Thursday, June 20, 2002

So the plague of not posting has been loosed upon me by Hera knows what evil power rampant in the universe... Actually, I think it's called "Real Life" or something like that.

I've been so busy enjoying my days and nights that I haven't sat down in front of the computer with a need to share -- there's just too much to share!

My emotions are stable -- if a bit manic thanks to M. That got me thinking last night. I realized I had some concerns that I was going back to my old ways of finding a man, any man, and then building him up in my mind to be something more than he is which ultimately, always leads to disappointment and heartache.

I thought long and hard about it and used my imagination to put myself in the position of M. not being what he seems. I know... worst case scenario -- but it has happened to me in the past! Thing is, if he's not -- then I'm definitely not as good a judge of human character as I think I am. At any rate - I worked myself up (down?) into really trying to feel what it would be like to discover that he's not as interested as he is - that he, say, found someone else. I felt it. I felt the sadness, I felt the betrayal, the disillusionment... I felt all of that -- but I also felt that I would be okay and, most importantly, that I haven't betrayed myself by exploring the possibilities of a future with him. I am still working towards my dreams and goals -- having him in my life is quite simply the killer topping on top of the baked New York style cheesecake (complete with cherries).

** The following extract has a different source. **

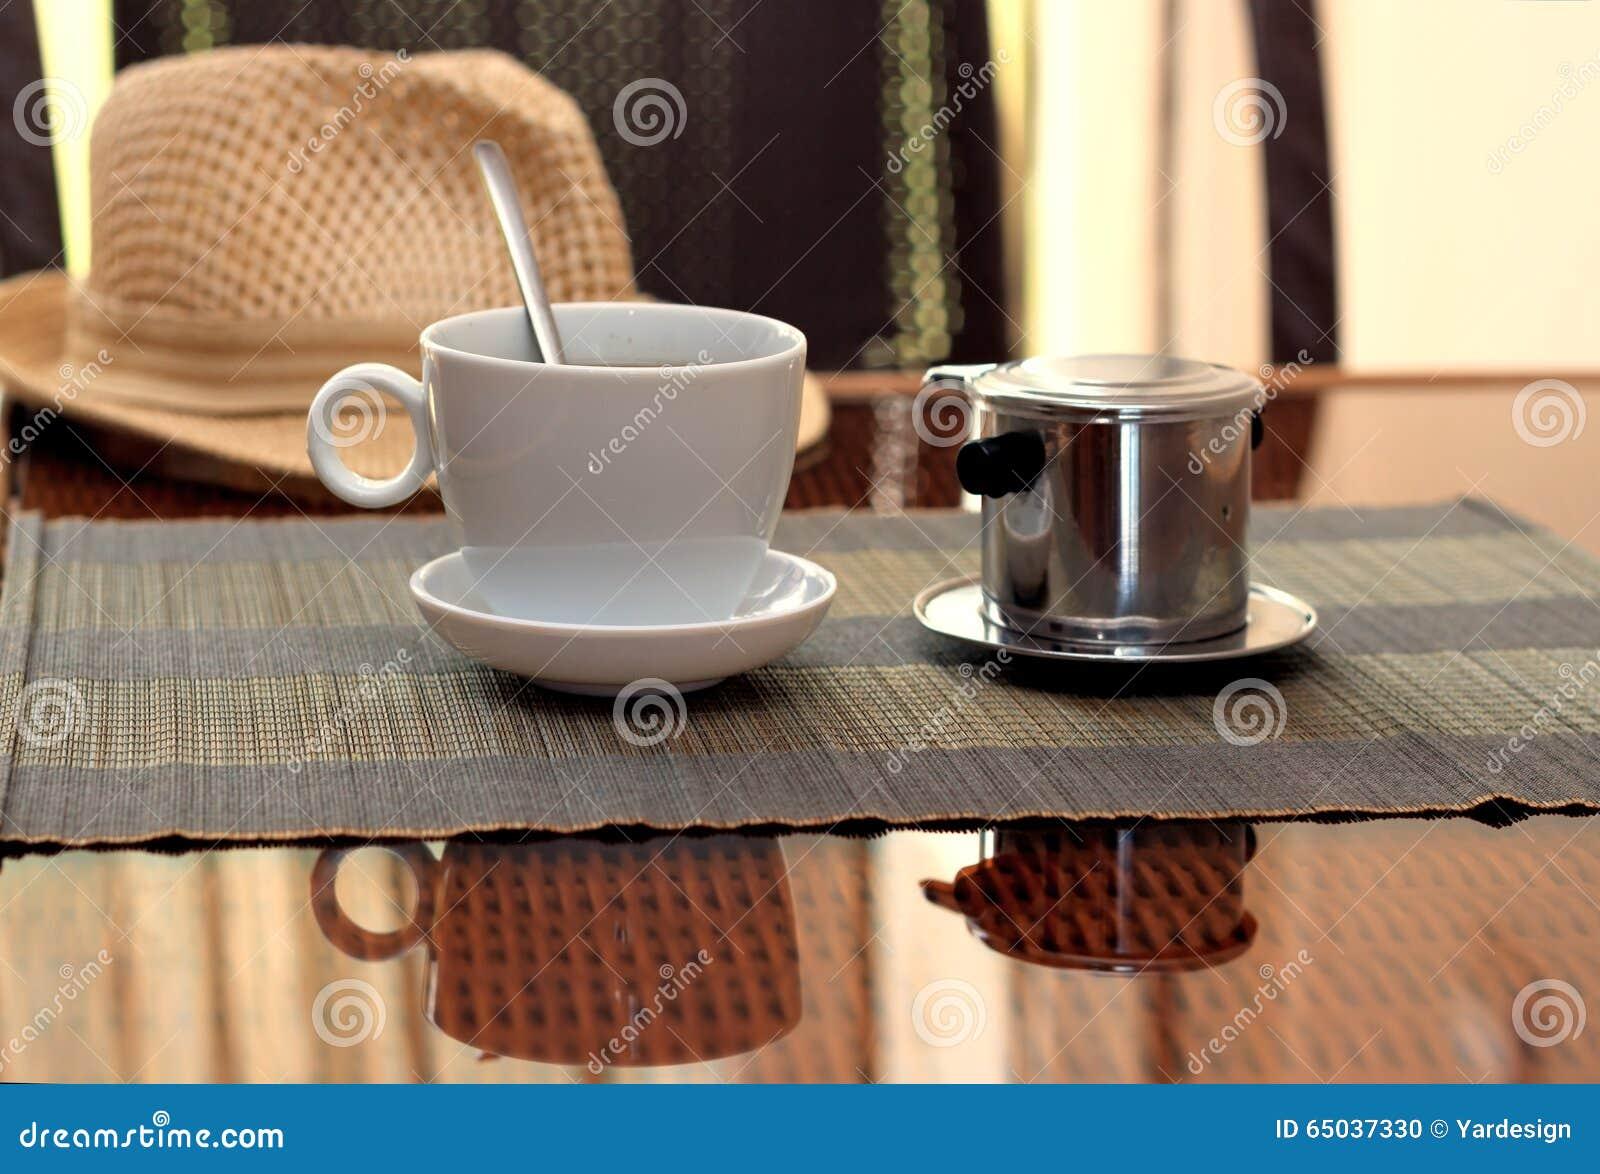 Morgenkaffee Diente Im Vietnamesischen Kaffeefilter Auf

Coming to these realizations on my own and with such certainty is a new experience for me. Being assertive and asking for what I want from people is also new for me but I'm doing that regularly, too! I don't know quite what it is about hitting 30, but I really feel that I've come into my own. I know what I want, I know that I can work towards getting it and I know that I don't want to settle for anything less that what I feel I deserve!

I also realize that I'm human and that other people are, too - ie: we all have our faults. It's just a matter of realizing what faults you can live with in people that you associate with and what faults you just won't live with and vice versa. Hopefully you find someone whose faults you can live with that can live with yours.

The emotional rambling aside... It's ALI Kayaking night tonight! Once a year one of my paddling co-workers organizes an outing for 60 employees and friends to go to Deep Cove and go sea kayaking. Last year was beautiful and this year is shaping up to be just as gorgeous. This year I have someone special to go with, too -- which is awesome.

My car is in the shop today for a strange electrical ground short problem... the interior light is on at all times no matter what I do and the oil and voltage lights come on when I'm driving and go off when I accelerate hard or just let the engine coast. Weird. Hopefully they can fix it without too much $$$. And hopefully I can get my car back in time to pick up M. for Kayaking!

Saturday is the Rose Festival -- I'm so excited to be going again. I sort of avoided it for a few years because of being with George... my ex was likely to be there and George had no use for him so we didn't go. I felt rather lost each year when I realized that the Rose Fest had come and gone and I had missed it again... not this year! M. is coming with me. I hope it will be as magical as I remember it to be. I know it will be.

Busy month coming up... 29th-30th Carmana Valley trip, 6th-7th Moving, 13th-14th Wilderness Fisrt Aid course, 20th-21st Wilderness Survival Course, July 27th-August 4th Time off to bike tour with M. Probably the Gulf Islands. Wow! I'm looking forward to ALL of it.

Enough for now... time to get back to work and close off some of these nasty Reports that I'm working on!

Tuesday, June 18, 2002

....this post edited to contain pertinent breaking news of the day....

HAPPY BIRTHDAY KIMLI!!!!!!!!!!! Sexy. Bish. *lix*

....we now continue with our regularly scheduled blather....

Ahhhhh... Tuesday. Is that it?! Isn't it later by now? Crap.

The nav course field day went well. I learned a lot and I feel much better prepared in dealing with bearings, triangulation, resection and other ways of making sure I am where I think I am. I did, however, manage to lose my knife. :-/ Being that I'm on pager this weekend, it's doubtful that I'll be able to get back up there to go looking for it... so I might just buy a new one and lanyard that puppy right away.

More later... Working... almost off!!